Cellfire’s system is based on a downloadable Java application, which it’s distributing via Motorola’s HelloMoto.com downloads section and Cingular’s mobile site. The program is also available on Cellfire.com, which Dusing said is being promoted via an online ad campaign. Additionally, Cingular network users can text 22888 and download the software. Some advertisers are displaying signage mentioning the short code in their retail locations. Cellfire also hopes a “tell a friend” feature helps it get installed on more handsets. Dusing says the application is compatible with 43 different phone models.

When asked whether a download and install process could be an obstacle to the solution’s adoption, Dusing argued consumers have grown accustomed to downloading ringtones and games to their phones.

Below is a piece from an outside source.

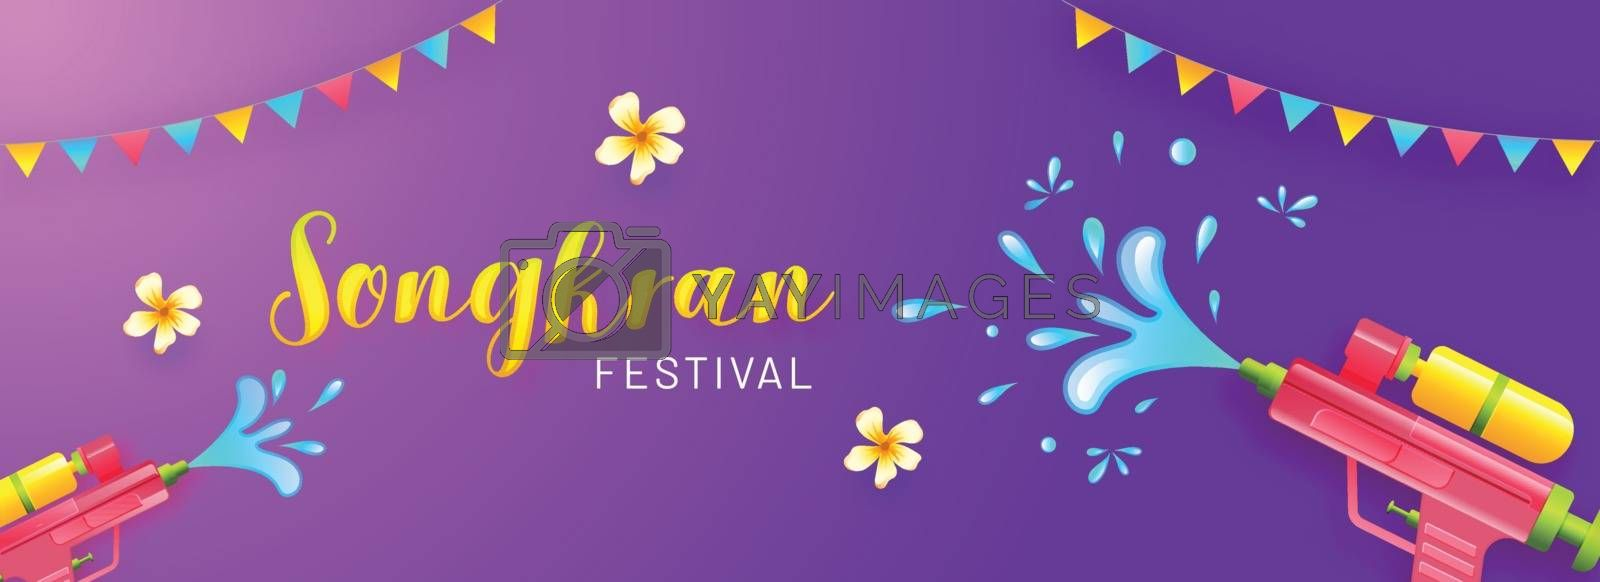 Royalty free image of Songkran festival celebration header banner or poster design on  by aispl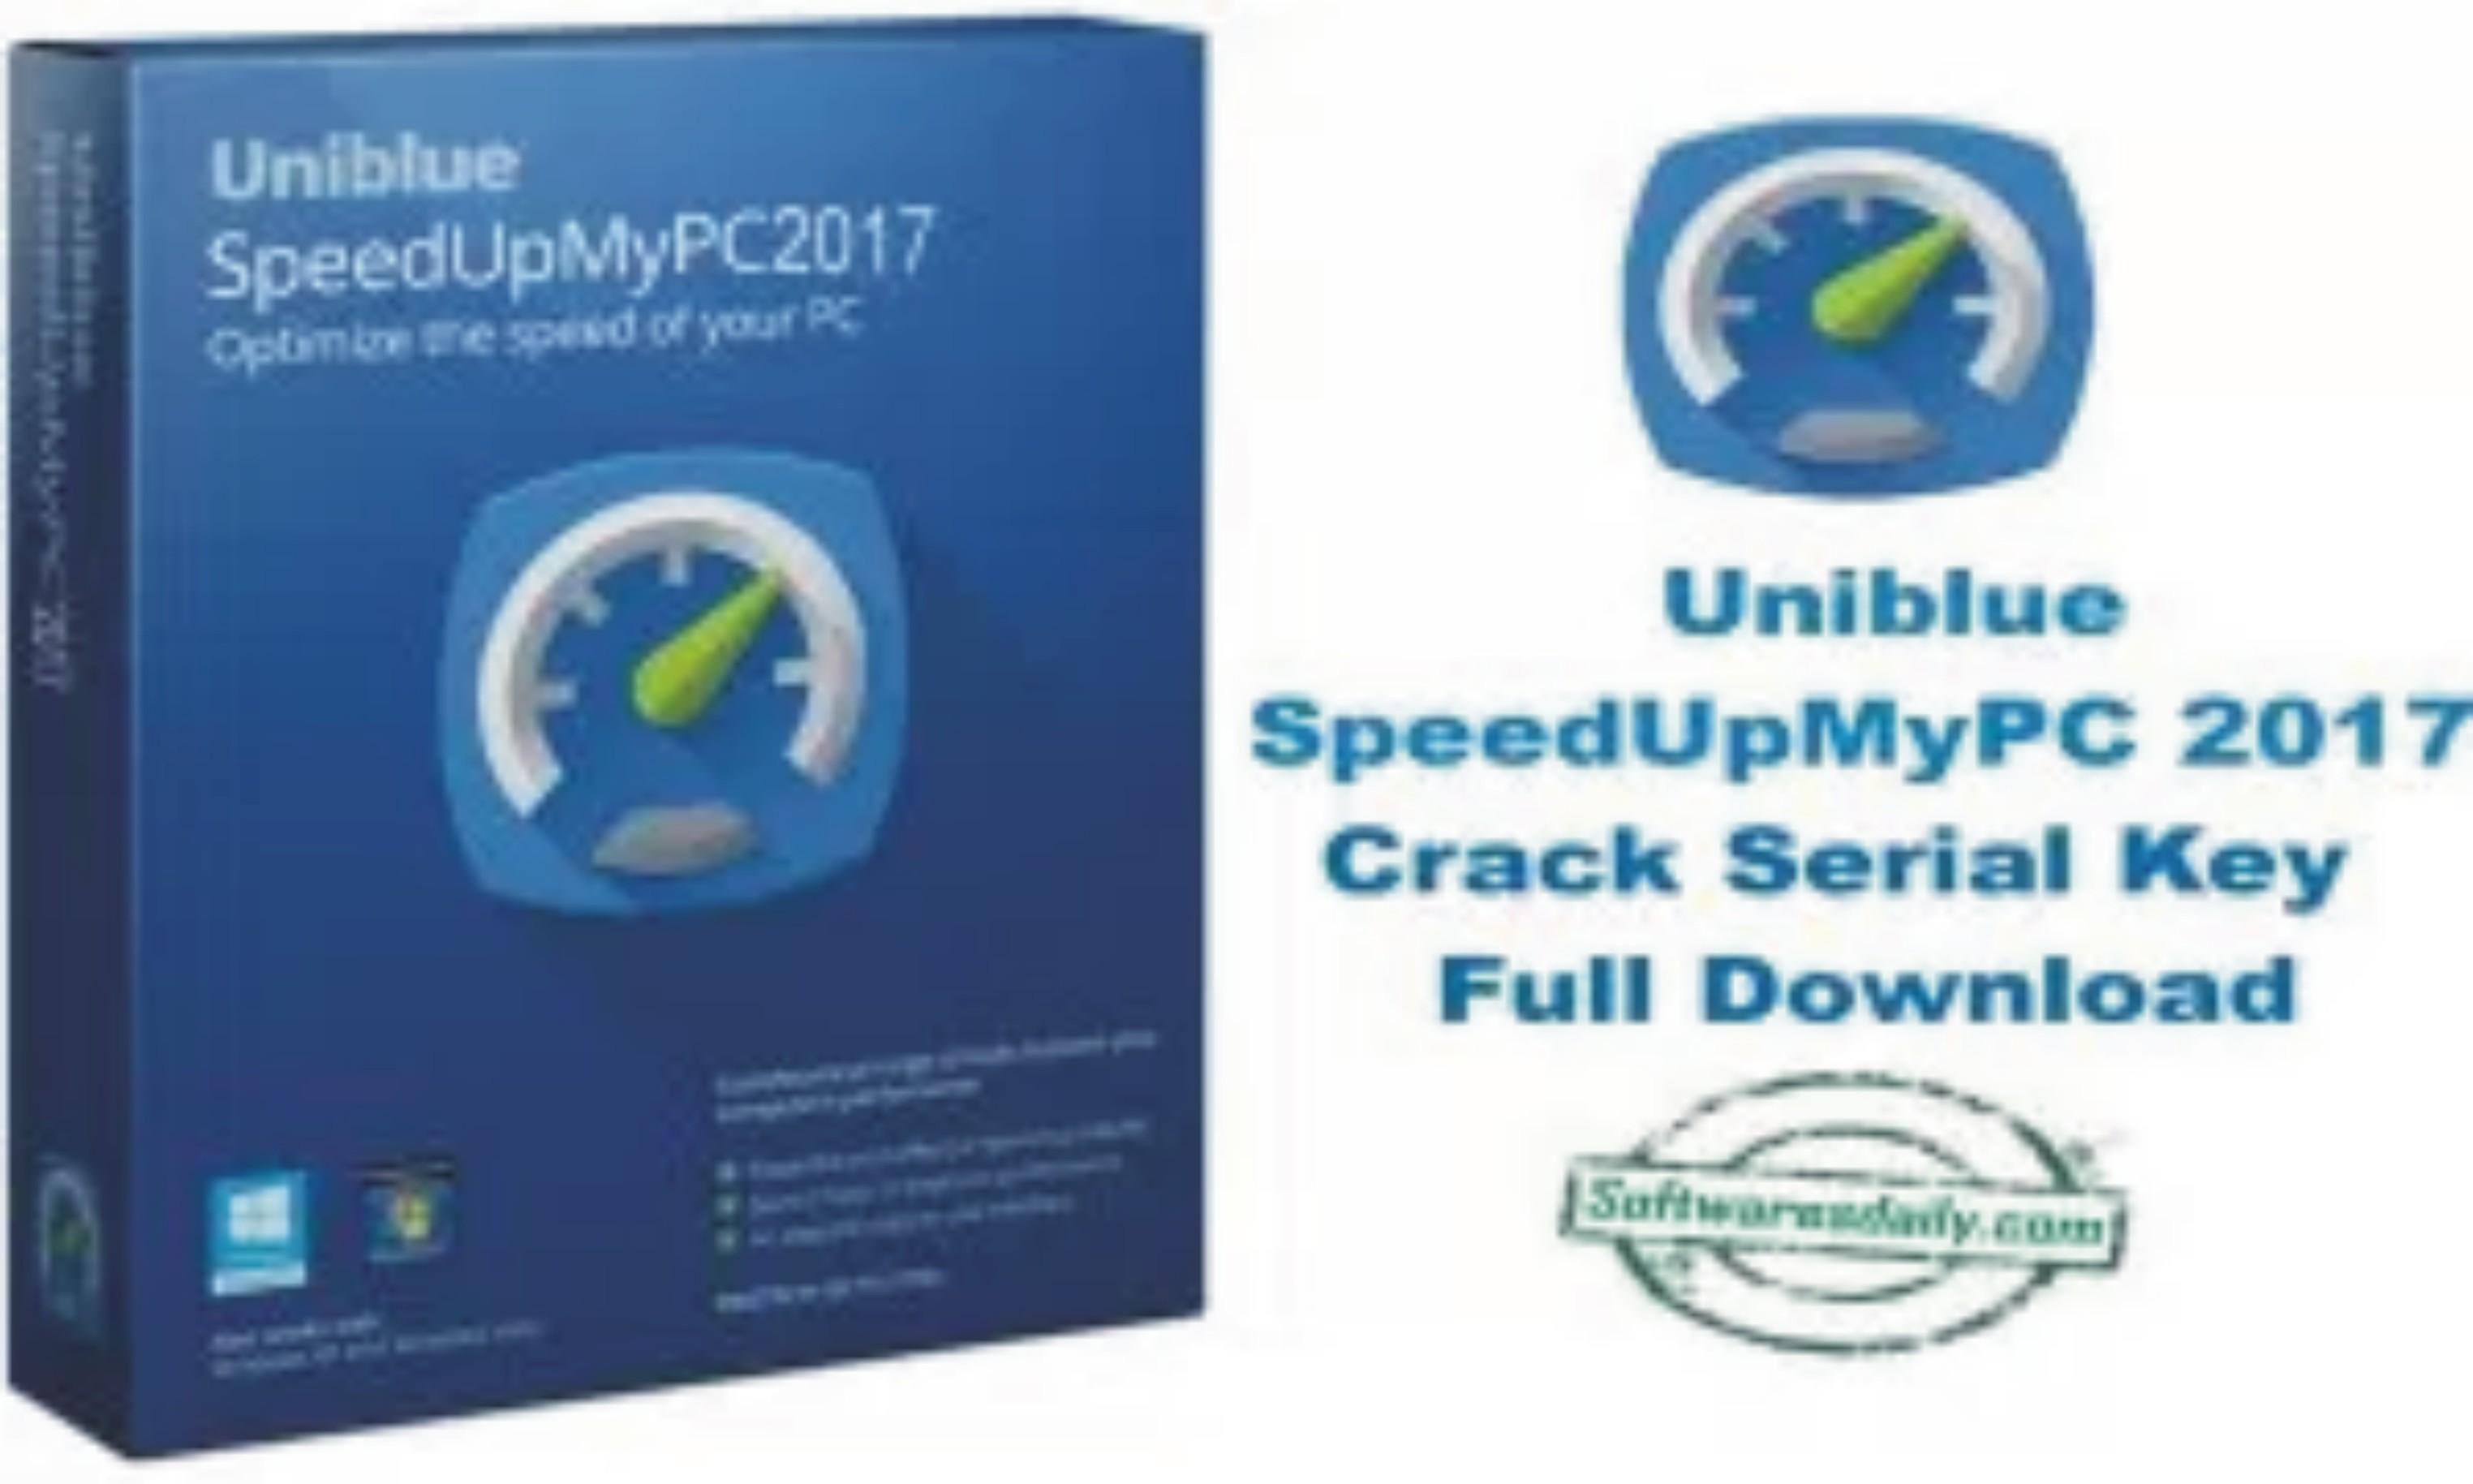 Uniblue SpeedUpMyPC 2017 Crack Serial Key Full Download

Once the application is installed, consumers can browse for offers from advertisers in their area. To redeem a coupon, users show it to cashiers when making a purchase. The coupon code is entered into the point-of-sale system, so retailers are able to track conversions and give the appropriate discount. Dusing says the advertisers Cellfire is working with already have systems installed that are capable of redeeming such coupons.

“It’s very easy for retailers to do this,” said Dusing.

Dusing says pricing for advertisers varies depending on the type of program.